SourceForge Headquarters 225 Broadway Suite 1600 San Diego, CA 92101 +1 (858) 454-5900

Stefan Beck wrote:
> Hello
>
> I'm using evms 2.2.2 and heartbeat 1.0.4 on debian sid with kernel
2.4.22.
>
> evms on a shared scsi-rack works fine so far.
> A manual forced takeover via '/usr/lib/heatbeat/hb_standby' works
> perfectly within seconds.
>
> But:
> If one node dies, the evms_failover script fails with returncode 7, so
> the volumes are not available on the new active node:
>
> heartbeat: 2004/02/09_15:08:56 ERROR: Return code 7 from
> /etc/ha.d/resource.d/evms_failover
>
> It seems that the evmscluster functionality stops working if the
> communication between the two node stops. Is this really the way it
> should work? Is there a workaround?

The evms_failover script makes sure that the CCM (the component that
handles cluster membership) is running before it attempts to make any
changes.  The idea is that we don't want to make configuration changes to
the cluster while the membership is unstable.

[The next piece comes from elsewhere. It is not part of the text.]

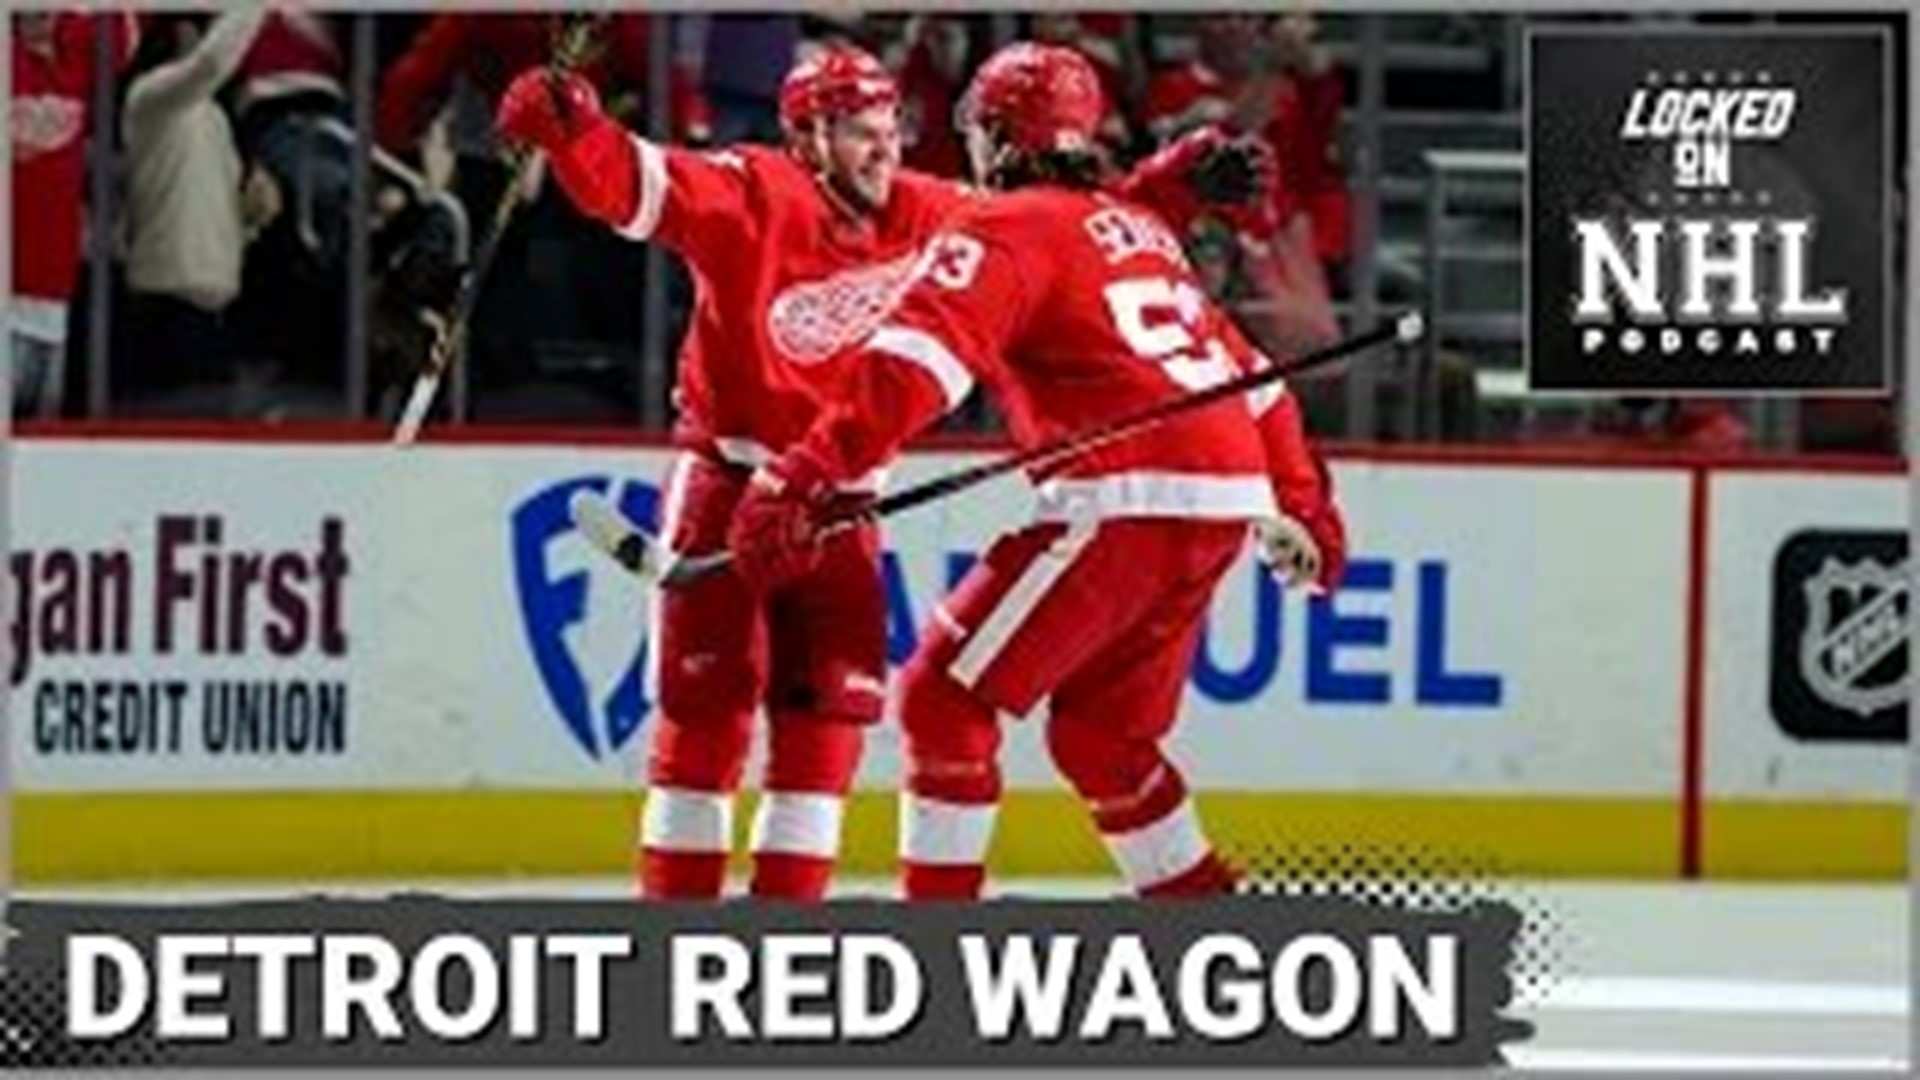 Detroit Red Wings, hockey, ice hockey, logo, nhl, red wings, HD wallpaper

Apparently the CCM does not provide a membership when on node is dead.  I
don't know if this is the proper behavior.

Workaround?  Yes.  Read on.

> evms (resp. evmsgui) can't be used for administering the cluster
> resources, too, when one node is down/dead.
>
> So if one node dies e.g. due to a hardware failure, one can't resize
> volumes, create new volumes,... until the second node (and heartbeat) is
> up again.

The Cluster Segment Manager by design will not allow changes to CSM
containers if it cannot get a membership.  As with the evms_failover
script, the design is to prevent changes being made while the cluster does
not have a stable membership.

The workaround is to set "admin_mode = yes" in the "csm" section of the
/etc/evms.conf file.  It's already in there at the bottom of the file, just
commented out.  When admin_mode is yes, the CSM will bypass the check for a
membership and will allow changes to be made to cluster resources.

> Any comments on this?
>
> Thanks and regards
> Stefan

Hope this helps.

Steve D.